Experimental and Computational Approaches to Control Mammalian Cell Proliferation, Protein Production, and Post-translational Modifications

Therapeutic antibodies, with their high specificity and flexibility, are responsible for treating many acute and chronic diseases. In particular, monoclonal antibodies remain the largest sector in sales and market growth in the biotechnology industry. The production of antibody biologics involves a rigorous pipeline of target identification, cell line development, upstream processing, downstream processing, and product formulation - each facing its unique challenges.

Specifically, in the upstream sector, two main characteristics critically define the production cost and quality of the antibodies made: antibody titer, or the total amount of protein harvestable, and protein critical quality attributes (CQAs). The first determines the batch consistency and cost of delivery, while the latter determines the safety and efficacy of the antibody product. In this thesis, we used a small molecule, rosmarinic acid, which significantly improved cellular proliferation as a model to study pathway stimulations to enhance antibody production. In addition, through a combination of media supplementation and process variation strategies, we improved antibody production maximally threefold without compromising either cellular-specific productivity or glycosylation attributes.

In addition, to meet market demands and deliver safe and potent therapeutics in time, both high production and quality standards must be met. This requires parallel screening and development of clonal cells and optimal cell growth conditions at the bench scale before manufacturing. The complexity of cellular pathways and the different post-translational needs of products have created significant challenges for rational process design strategies. Importantly, with a rising interest in developing redox and endoplasmic reticulum (ER) stress biosensors to unravel and control cellular behavior for protein production runs, reports of varied cellular stress effects on cell growth and protein production convolute understanding; and determination of the effect of cellular stress on antibody quality is still deficient. In the second part of the thesis, we address this unique yet complicated problem by identifying representative oxidative and ER stressors combined with design-of-experiment (DOE)-guided experimentation to implement a high-dimensional space accommodating different degrees of cellular stress to study their impacts on the cell culture process and protein quality. We also develop a high- throughput assay platform to detect both absolute and relative glycosylation simultaneously and examine how these attributes may be controlled via hybrid modeling to interface with rapid digitization in the bioprocessing industry. Further, in the third part of my thesis, I use small molecules and empirical models to actively control antibody glycosylation, one of the most important CQAs, and discuss how the implementation of process analytical tools for glycosylation may benefit the overall control process.

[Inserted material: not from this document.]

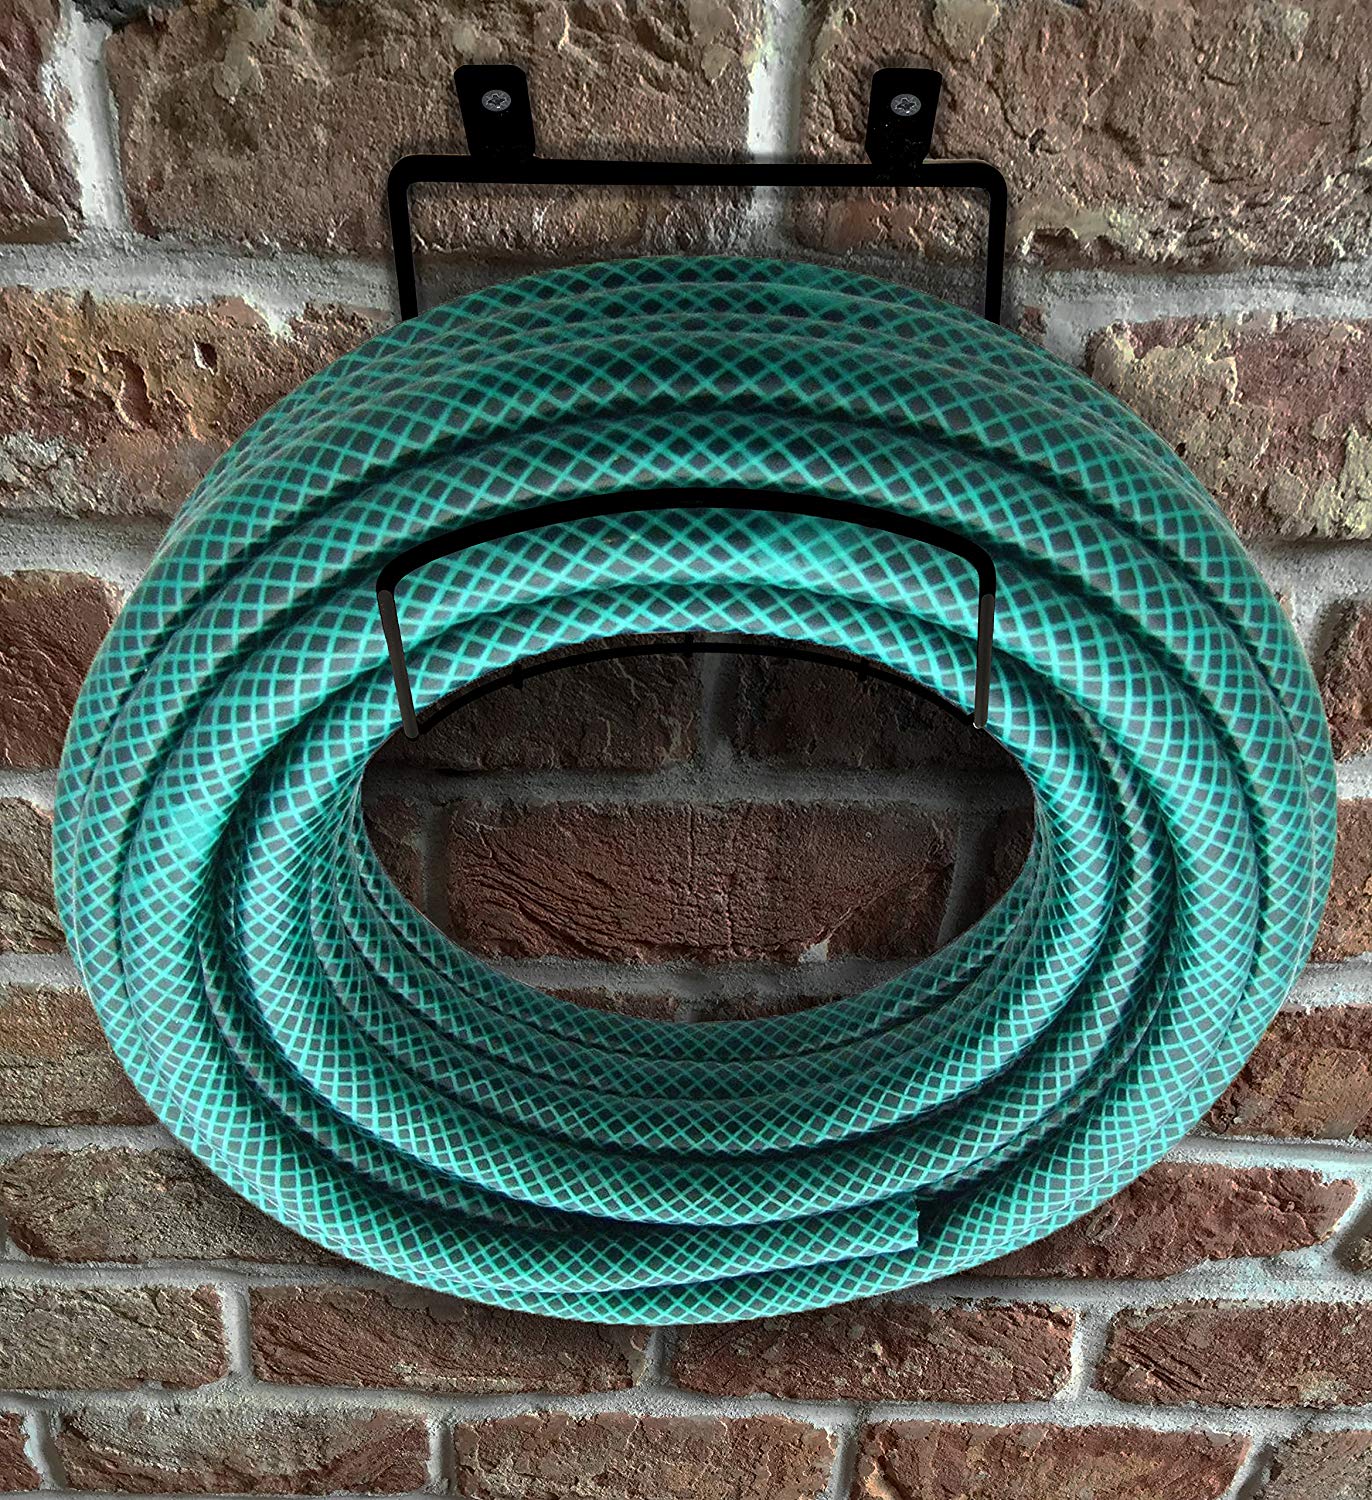 Brackit Garden Hose Holder – Cast Iron – Secure to your Wall with Fittings Included
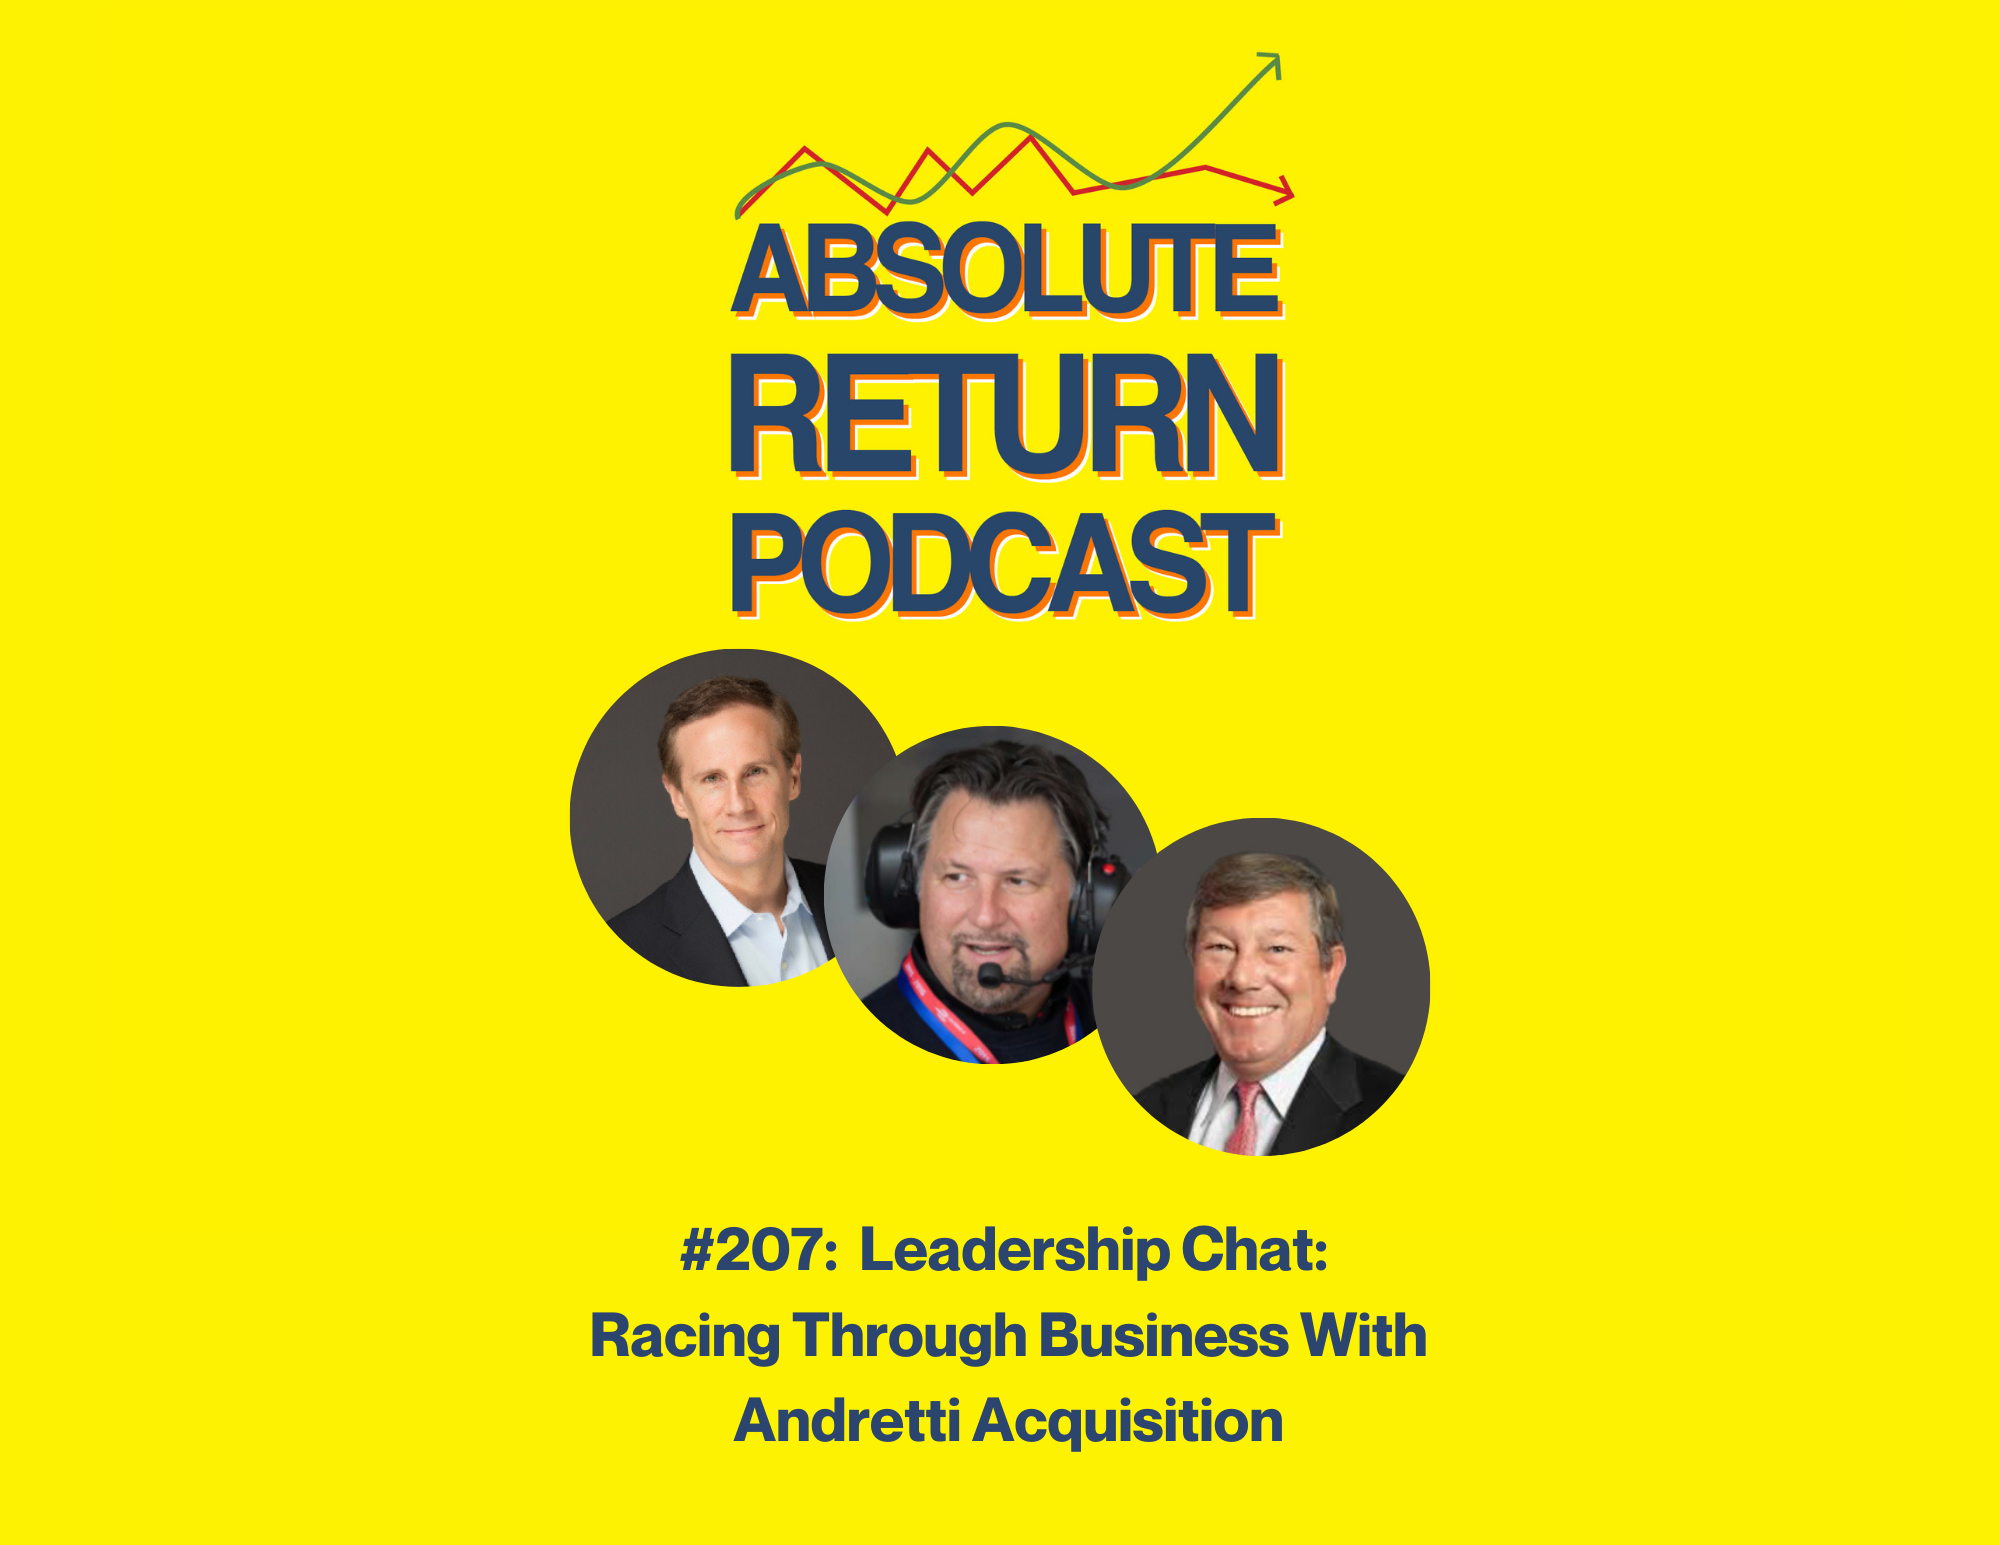 Absolute Return Podcast #207: Leadership Chat: Racing Through Business With Andretti Acquisition

In the last part of this thesis, we explore protein quality control in the ER and nucleus in a protein misfolding disease driven by tau protein. Tau protein aggregation drives the onset and progression of Alzheimer’s disease, the 6th leading cause of death in the United States reported in 2021. While tau protein commonly localizes in the cytosol, under pathological conditions it has been reported to associate with the nucleus and endoplasmic reticulum. Here, we use protein localization motifs to reroute tau localization to study its expression and phosphorylation characteristics in the ER and nucleus. Finally, possible mechanisms driven by the tau variant P301L, a common mutation in Alzheimer’s disease, will be discussed through an omics analysis of miRNA sequencing from exosomes derived from wildtype and P301L tau variants in neuronal cells.